Friday, April 18, 2008

Chapter 1: Starts and beginnings

The goal of this blog is to document my work while I'm learning to code again, and to show to other people so that they might be able to a) learn from it, or, more likely, b) yell at me because I've been slacking.

Let me begin by saying that I started programming when I was about 14 in C and C++ for my Macintosh running System 7. I think I was using Metrowerks Codewarrior, a trial copy that came with a book I bought from the closeout bin at Books-A-Million. Either because of my lack of experience, my lack of years, or the fact that, if I recall correctly, writing for Macs back then was impossible, I had a hard time of it. It went okay, though, and over the years I wrote a couple of little games that never really worked quite right from beginning to end. But whatever, I was learning.

I worked a lot in Java as well, still mainly in high school, and again wrote some games, wrote some simple programs to do this and that, and learned a bit along the way.

Fast forward five or ten years, and here I am. I've forgotten most of what I knew, and that might be a good thing. I'm going to try really hard over the next couple of months to see what I can do, and I'll try to document it here.


The primary point of this post, though, is to list my goals, which are--at this time--the following:

1. To work in Visual C# Express to learn the basics of contemporary Windows programming. A big sub-goal in this heading is to better understand the program flow inside the Windows Forms framework--something which is kind of weird to me right now. A major reason for working within this framework is that it makes the UI end of things so easy that it will free my mind to focus on the actual code, the actual algorithms rather than making sure the event handler or menu system is working.

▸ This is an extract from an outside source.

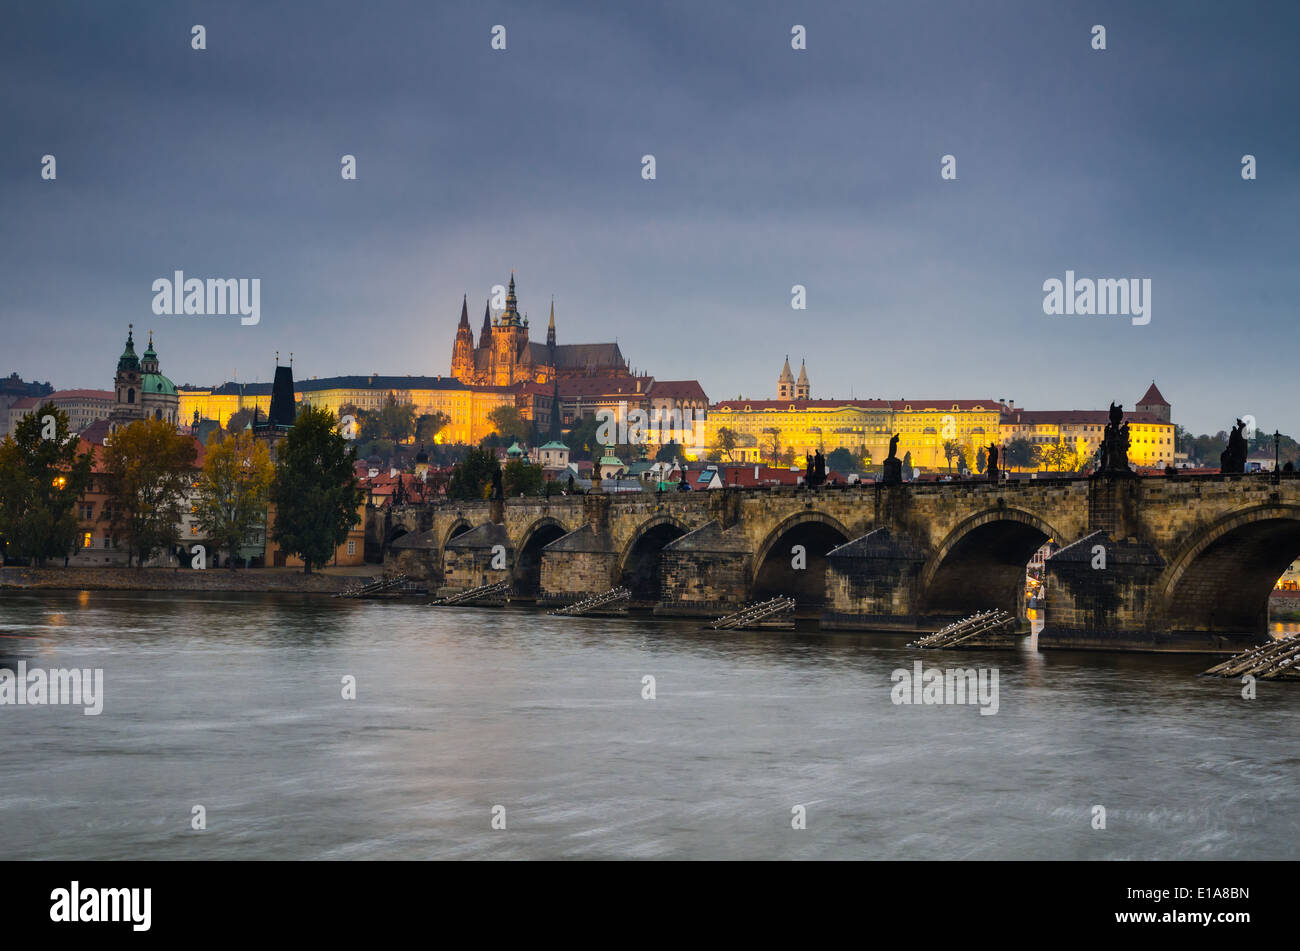 Le Château de Prague (construit en style gothique) et le Pont Charles sont les symboles de la capitale tchèque, construit à l'époque médiévale. Banque D'Images

1(a). To work with the XNA toolkit, once task 1 is well underway, to write a non-trivial game that doesn't look awful, will take a fair amount of time and effort on my part such that it will feel like an accomplishment, and hopefully something that is actually fun (or at least interesting) to play. More on this later.

2. To learn (or relearn) the fundamentals, be it basic searching and sorting, data handling, or really whatever. I have not decided the best source of information to go about learning this, although I do have several related textbooks, two Knuth books, and the whole wide interwebs to assist me in this matter. This is going to be the least fun and most important item to work on, so I really need to do it.

3. To learn (for the heck of it) to work with Lisp, possibly working from Structure and Interpretation of Computer Programs. This task is inspired by another blog, and I do not in any way expect to complete this task in nearly the extensive fashion that the linked person has done. This task, as you may notice, seems fairly unrelated to the other two. It may be, it may not. I think it will stretch my mind in a thoroughly different direction, and while this task will receive the least immediate attention of the three, I'd feel very accomplished to get somewhere with it.

That's enough for now. I'll be posting what I have of the programs I've written so far in the coming days.